Share your dilemmas and get honest opinions from other Mumsnetters.

To think that the vast majority of people do not feel they have a gender identity?

999 replies

Galvantulang · 06/02/2021 21:49

My company has recently started suggesting that we can record our gender identity and preferred pronouns (these would be publicly displayed on the intranet) on our HR record system. It's optional for now, but almost everyone I asked at work when the email came out went "eh?".

Apart from the data protection issues of collecting all this extra information, AIBU to think that the majority of people don't consider themselves to have a gender identity, just their sex?

i.e. you don't identify as a man or woman, you just... are one? Confused

Watching laws and amendments to bills being proposed (especially in Scotland) based on recognising gender identity rather than biological sex, seems somewhat unreal.

Um...

Yabu = I feel like I have a gender identity.
Yanbu = I do not feel like I have a gender identity.

OP posts:
Thread gallery
5
YetAnotherSpartacus · 10/02/2021 12:50

Most of us automatically fall into this way of being

No, we don't. We are conditioned from a young age and pulled into line for many elements of non-conformity. For example, men who cry are often mocked and women are called names for non-conformity to beauty norms - i.e not shaving or so on.

AskingQuestionsAllTheTime · 10/02/2021 12:50

@Proudboomer

www.dailymail.co.uk/news/article-9241217/Hospital-tells-midwives-use-terms-like-birthing-parents-human-milk.html#comments

Sorry it is a daily mail link and we all know how much mn hates the daily mail but this is true and happening just down the road from me.

This is an example to women being eroded to comply with gender identification.

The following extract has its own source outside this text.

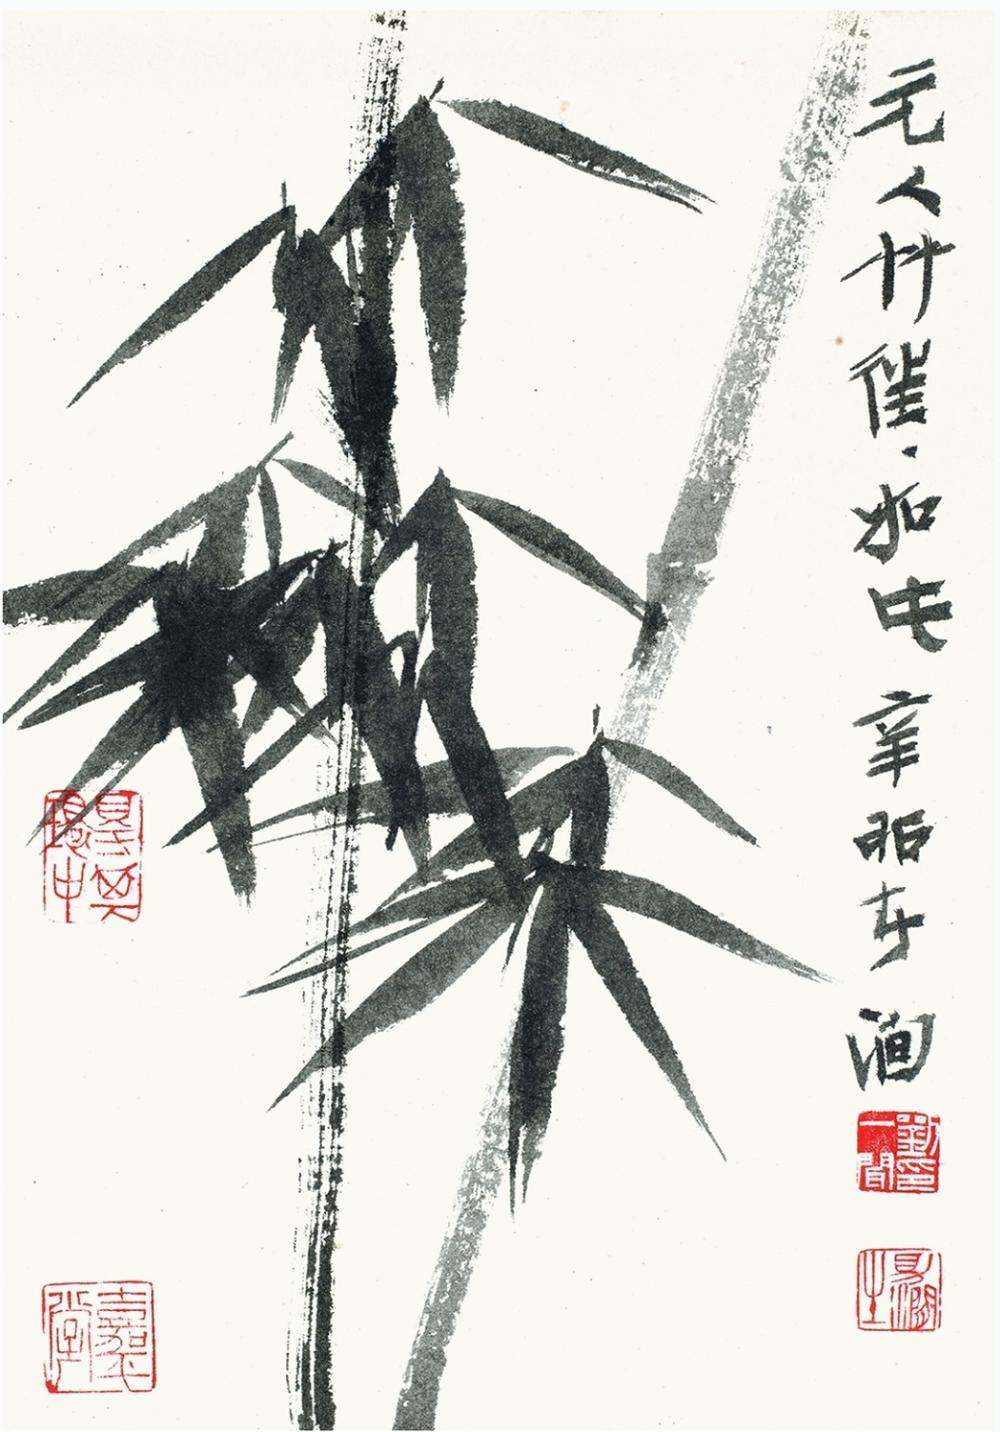 一次推出三本新著,海派名家刘一闻用这种方式庆祝70岁生日

Um. That article includes these two paragraphs straight after each other:

"An estimated 1 per cent of the adult population in Britain identifies as transgender or non-binary but the trans population in Brighton and Hove is thought to be larger.
"Although no official figures exist on the trans community, research has shown nearly 10 per cent of the population of Brighton and Hove identify as LGBTQ+, compared to around 2.2 per cent of the general population."

There's quite a difference between the two in actual numbers of people, given a population of 67,000,000 of which say 50,000,000 are adults. The first figure would be 500,000 people deemed to be trans, the second would be 1,474,000.

This clearly and graphically illustrates the difficulty of being accurate when there is no clear definition of what trans actually means, but the "trans umbrella" covers everything from post-operative transexual to sex-questioning fourteen-year-old who wants to be part of the in-crowd at school.

(All fourteen-year-olds ask questions about sex, of themselves if nobody else. It is what adolescents do, unless they are unwell in some way.)

ErrolTheDragon · 10/02/2021 12:52

I also think it is problematic to deny gender exists, while also asserting that sexism does exist.

Gender stereotypes and roles exist, for sure. That doesn't mean that these must form an integral part of our 'identity'. Part of my 'identity' is 'scientist'. I wholly reject the stereotype you mentioned.

Stripesnomore · 10/02/2021 12:57

Did anyone on this thread ever actually define what a gender identity is?

jj1968 · 10/02/2021 12:59

@Ereshkigalangcleg

Even CEDAW has taken note and raised concerns about women's sex-based rights being superseded by self-id policies in its most recent country report on Portugal, published in November 2020.

That's encouraging.

A link would be nice.
Stripesnomore · 10/02/2021 13:01

Can’t you just go to the country reports at CEDAW?

midgedude · 10/02/2021 13:01

Working definition of gender identity

A close affinity or similarity with the norms expected of one particular sex

jj1968 · 10/02/2021 13:09

@gardenbird48

I think it is a male socialisation thing. It is if they are thinking “If I just keep going, sooner or later the women will give in.”

Absolutely, like so many old school romantic movies - the boy asks her out/wants a kiss, she says no, he won’t take no for an answer and keeps asking and demonstrates how she is wrong and she eventually gives in Hmm not rapey at all ...

In just the last few days gender critical 'fact's posted on mumsnet include the claim there had been hundreds of sexual assaults committed by trans women in prison, this was later qualified to several rapes by another poster. Both of these statements are lies, and they are very damaging lies. As is the claim most trans women are quite happy with their penis - a completely spurious assertion for which we have seen there is no evidence.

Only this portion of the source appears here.